Guillermo del Toro’s Pinocchio – Review

You all know this story. The Disneyfication of Carlo Collodi’s tale of the wooden boy has long fascinated filmmakers, pushing many to try to adapt their own versions and mostly falling through the cracks. We’ve been granted two versions of the tale in 2022, with one being a horrifyingly bland offering from Disney by way of Robert Zemeckis and the other produced by Netflix and directed by Guillermo del Toro.

This is a passion project for a director that I’ve long been fond of, all the way back to seeing Pan’s Labyrinth in 2006 with no knowledge of what I was getting into. His take on the tale of the wooden boy comes to life in a format he’s never played in before, teaming up with first-time director Mark Gustafson to create a stop-motion world that feels more alive and tangible than most special effects extravaganzas I’ve seen this year. It’s luscious, built out of silicone and metal wiring rather than the wood Pinocchio is said to be carved from, and there’s so much light and life in this world of horrors and sorrow that it’s hard not to feel joy at this kind of delight.

And while most would look for a slightly darker take on the films made by Disney we are instead served something much more difficult to grapple with. Published in 1883, the original The Adventures of Pinocchio by Collodi was a moral tale about obedience that was targeted at children. Del Toro has crafted something kids can enjoy, but he’s also stuck to his guns and delivered a film that is horrifyingly stark in its depiction of fascism as it rose to power in Italy under the boot of Benito Mussolini.
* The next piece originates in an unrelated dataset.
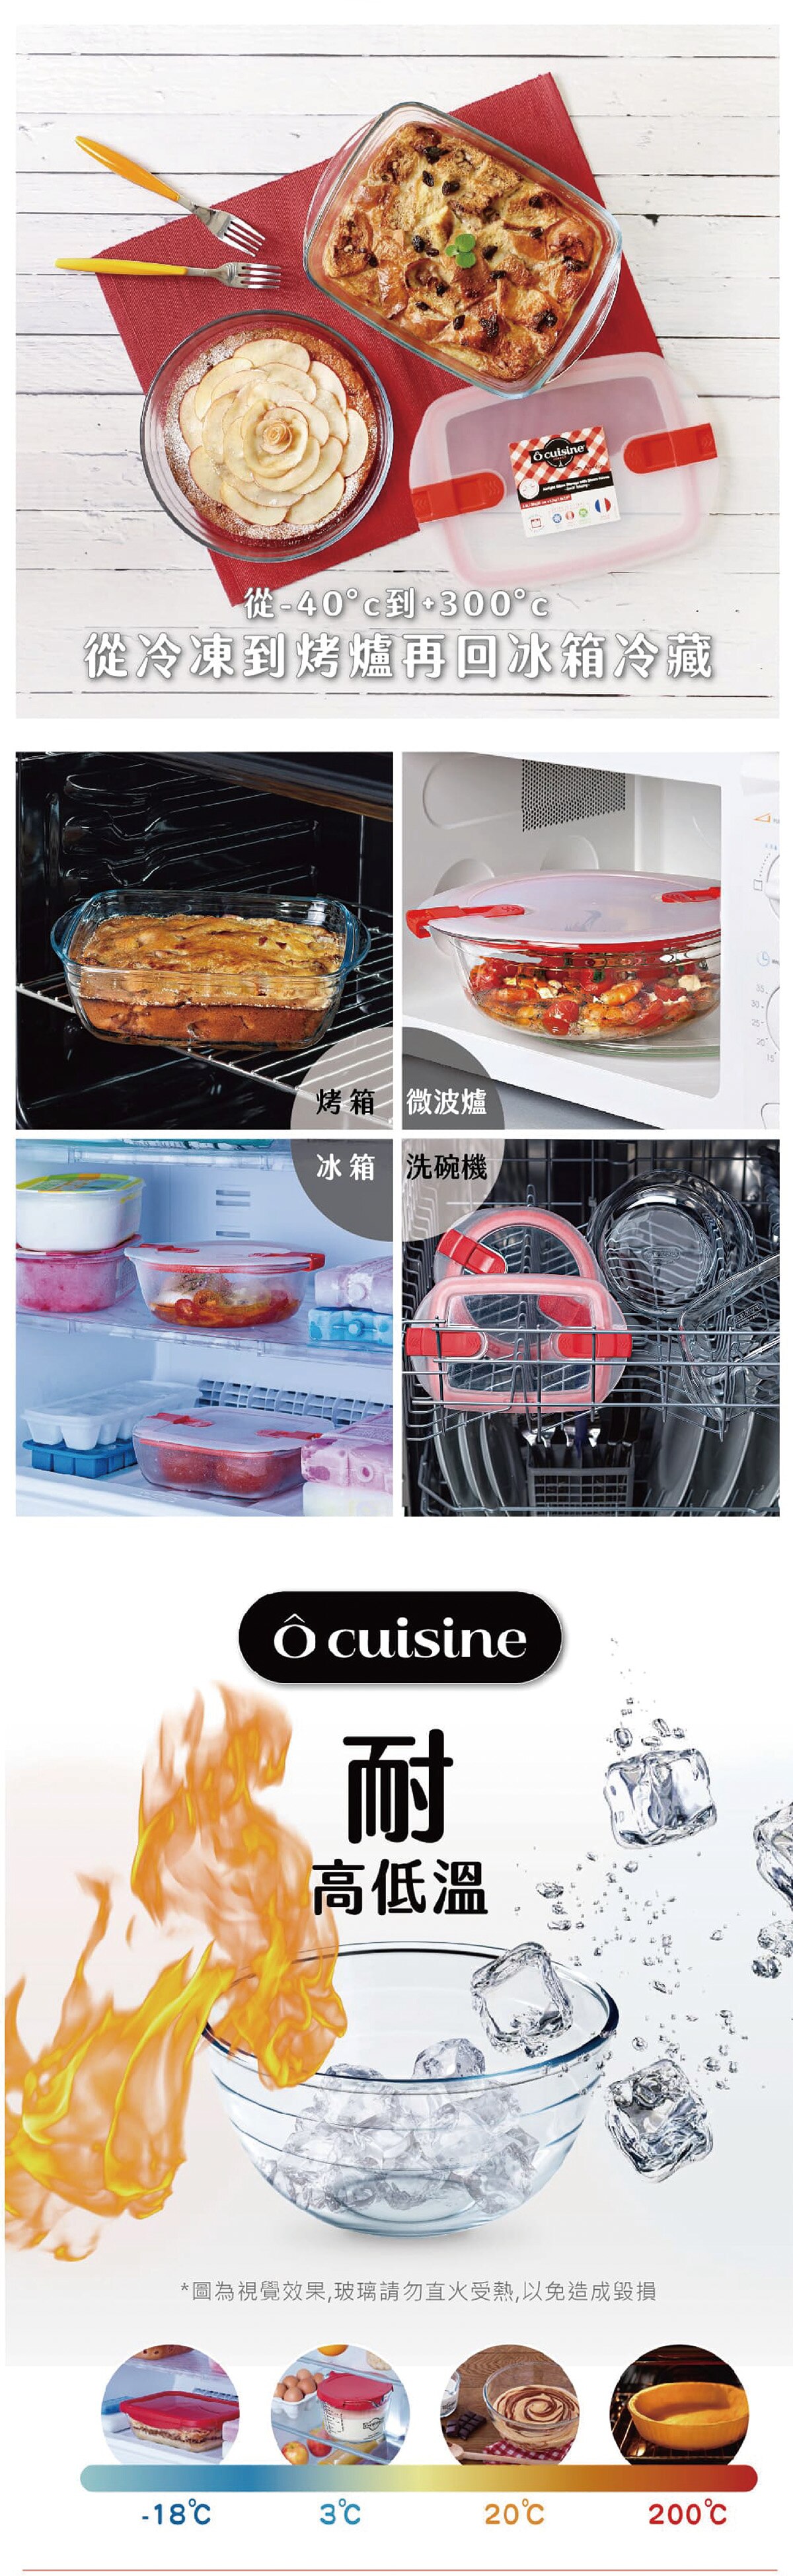 O'CUISINE 耐熱玻璃保鮮盒，從-40度到300度從冷凍到烤箱再回冰箱冷藏，適用於烤箱、微波爐、冰箱及洗碗機；耐高低溫。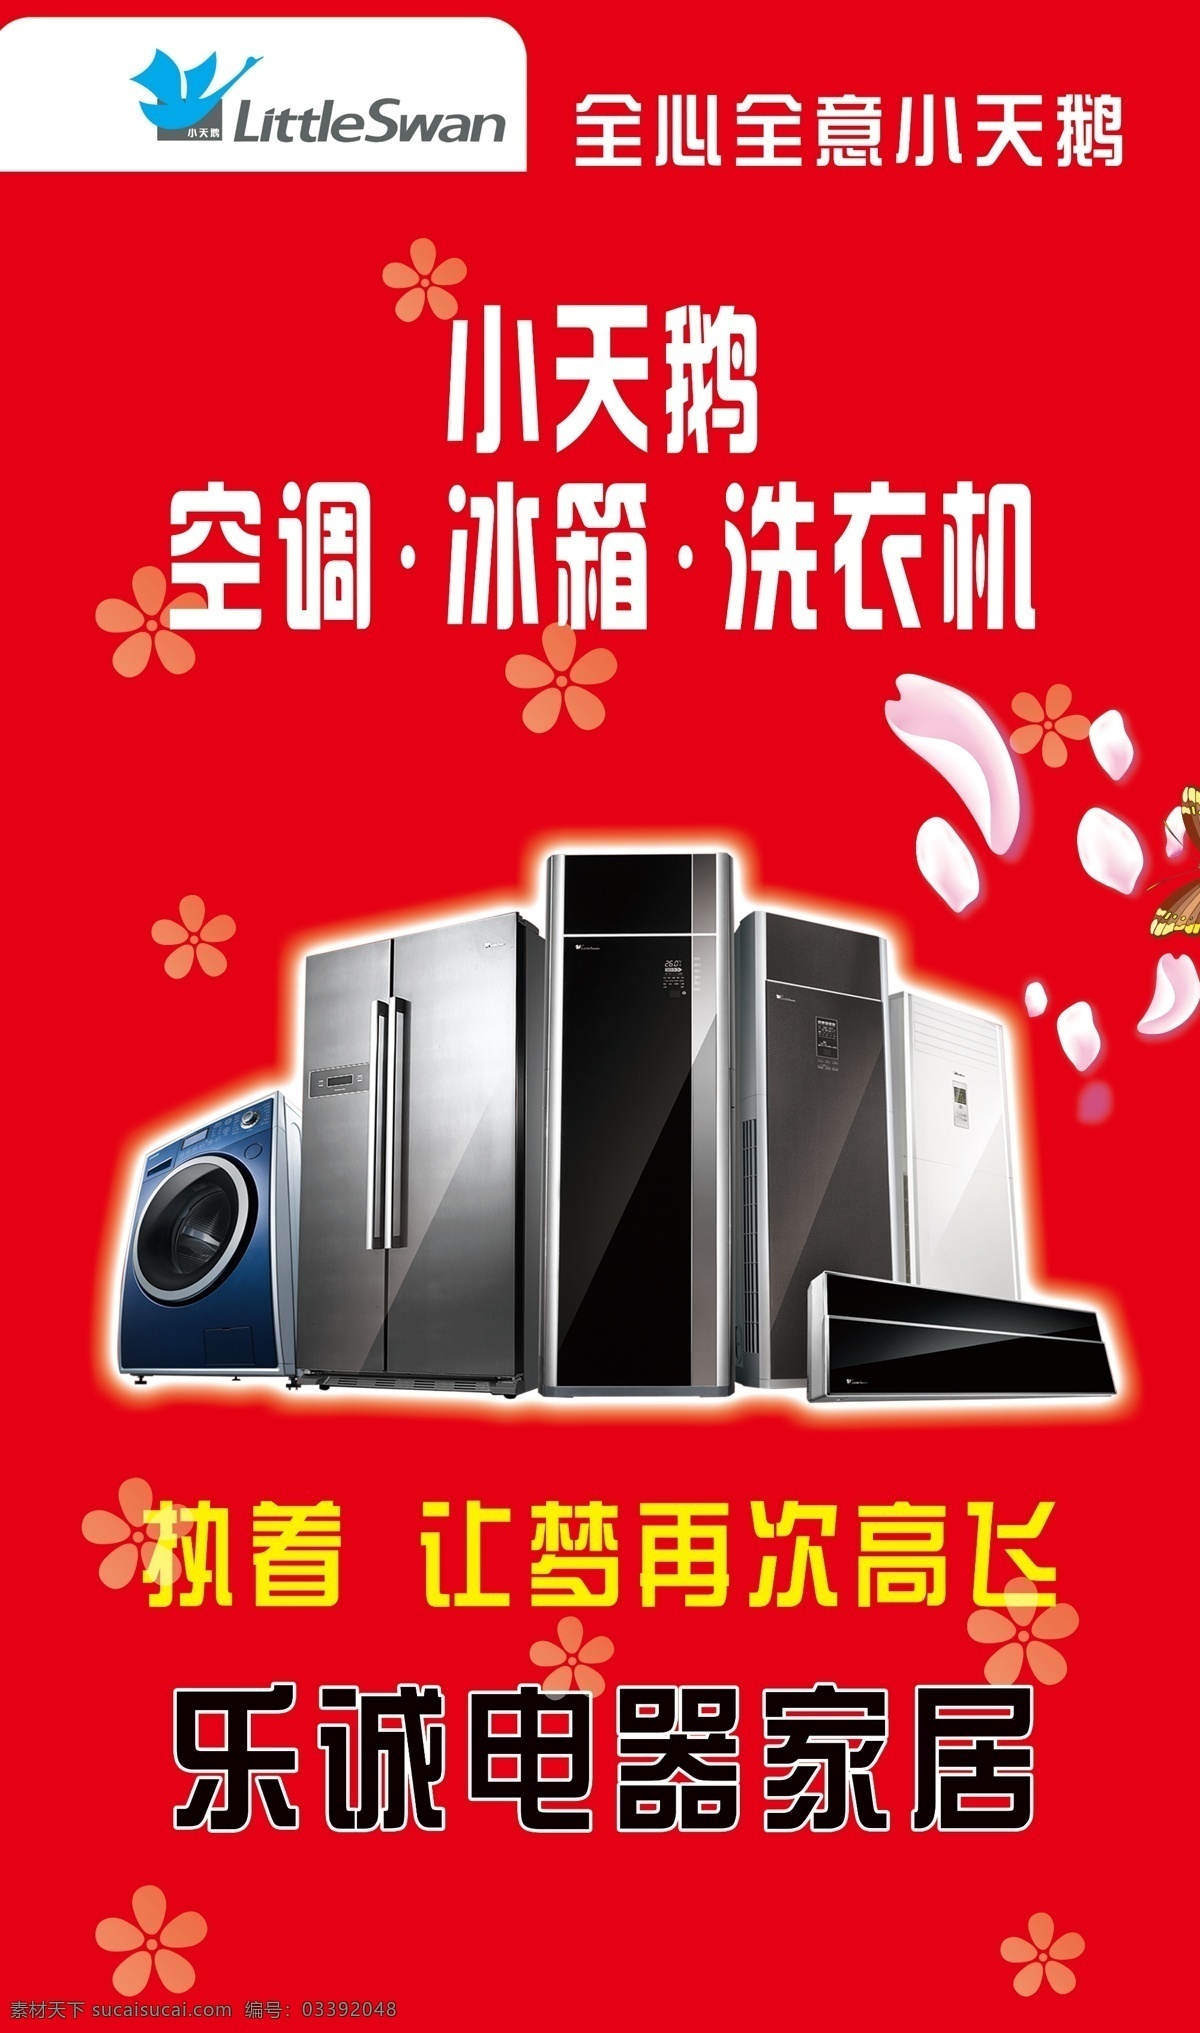 小天鹅电器 空调 冰箱 洗衣机 广告 海报 家电 室外广告设计

Fascism remains the director’s greatest fear, one that he continues to grapple with as he works his way through horrors and romances alike, but Pinocchio does perhaps the most frighteningly blunt work he could possibly have offered. Whether skewering parasocial relationships/politician worship, child soldiers being taught that war is a game they can win, or merely the abuse offered as love by those who believe themselves superior, Del Toro never shies away from his talent for mixing a message with those delightfully upsetting and whimsical images we all came to love him for.

Those visuals are perfectly rendered through the stop-motion work. Animation is complicated and difficult, often taking years to produce, but what Del Toro and Gustafson have created here is nothing short of stunning. Voice actors are only one part of the performance and there’s a marvelous job done by all, but the true star of Pinocchio is the animation team. When Geppetto (David Bradley) loses his son you feel it, his cries of agony paired perfectly well with an animate object that feels both of this world and another. His wooden second son is another matter altogether, put together by the drunken toy master in the dark of night after a severe bout of sorrow and regretted immediately on the morrow when the thing rises to life. Pinocchio (Gregory Mann) moves like the cobbled-together creature he is, more akin to Sadako or Kayako than any Disney design, but there’s a sweetness to the rambunctious and curious little kid. He’s kind and open, frightened and loving, and often all of these at the same time with an expressive face that’s as endearing as it is off-putting. His fragility is marked by multiple instances of damage and threat, with the boy constantly in danger and yet rakishly dashing ahead into any fray without always understanding what he’s doing. Ewan McGregor’s take on Sebastian J. Cricket is perhaps the most fun performance in the film, serving as both a counter to the ecumenical stances on morality (that align heavily with the fascism rising in Italy at that time) and comic relief. These great voice performances are joined by Christoph Waltz as the wicked Count Volpe, the villain of the film, Tilda Swinton as a creature of unknowable magic, Ron Perlman as a father that cannot decide if he loves supremacy or his son, and just for kicks Cate Blanchett as Spazzatura the monkey. All of these performances, from the animation team to the voice actors, come together to create a dynamic and thoroughly rousing film experience.

Music has always been key to the story, whether it be Geppetto singing to his wooden son with his accordion or the Disney weaponization of “When You Wish Upon a Star.” Alexandre Desplat returns to the del Toro fold after an absence for Nightmare Alley. Challenging himself to only use wooden instruments, the composer has drawn up a series of original songs as well as a score and it might be one of the best offerings of his career. It’s whimsical and not unlike his work on del Toro’s last film, The Shape of Water, but there’s a wide-eyed sincerity this time around and it carries on to become something wholly worthwhile in a film full of wonders.

It’s such a sad thing that Netflix picked this up. Its brief theatrical run will sadly be missed by most, but for those paying attention, you may find that it’s playing briefly in your area. I urge you to see it in a theater, allowing the way this is put together to really sink in and let you marinate in it. This could go down as one of the director’s best films, and I think it deserves to be seen the way he hoped it would be.

Pinocchio is currently playing in select theatres, followed by a Netflix release on December 9th.